Berlin Gets First Taste of In-Store Vertical Micro-Farms (rt.com) 95
An anonymous reader shares an article on RT: German shoppers now have the chance to buy fresh greens and herbs in supermarkets with tiny vertical farms which both grow and display the produce. The new delivery method for the freshest possible produce is being pioneered by INFARM which is currently testing its live herb gardens at METRO stores in Berlin. The people behind the project say these are the first indoor farming installations of their kind, placed directly in supermarkets. "Imagine a future where cities become self-sufficient in their food production, where autonomous farms grow fresh premium produce at affordable prices, eliminating waste and environmental impact," The farms look like a tiny greenhouse inside the store where shoppers can pick their own freshly harvested salad greens and herbs right from the growing plants. The advantages of the indoor micro-farms are lower transport costs and associated emissions. They use less water, energy and space than conventional farms and horizontal greenhouses.

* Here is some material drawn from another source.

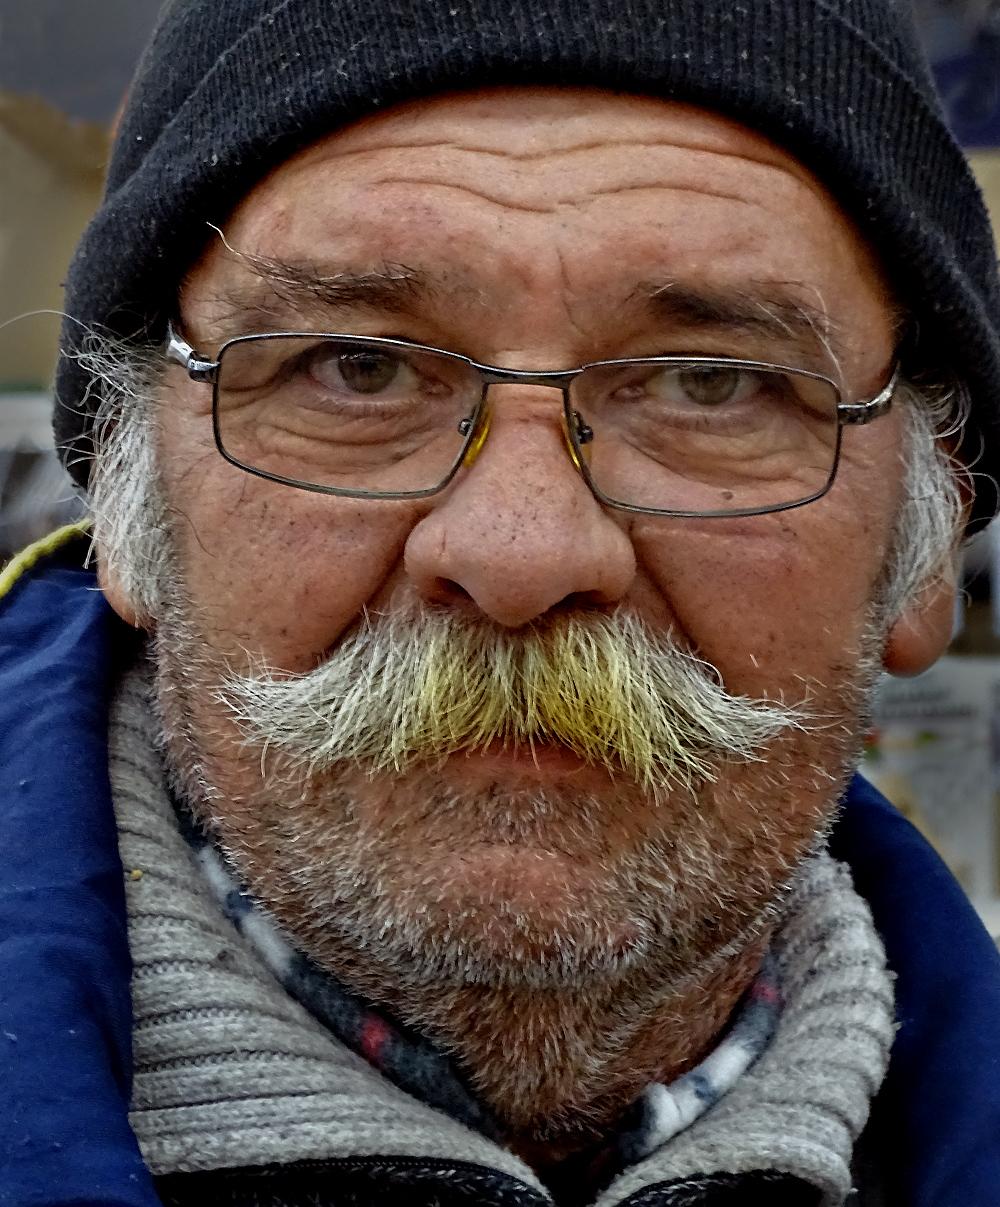 Photo in Portrait | Author Ivan Hristov - Ihif | PHOTO FORUM

Farrrrrm livin' is the life for me! (Score:2)
I heard they have a new electric tractor sitting out in the parking lot because German law requires a new green tractor for all farms.
Re:Farrrrrm livin' is the life for me! (Score:4, Funny)
Actually, the tractor is sitting in a drawer ... it's a micro-farm, after all, so you only need a micro-tractor.
It charges off USB, so it's pretty green since you can do that with solar.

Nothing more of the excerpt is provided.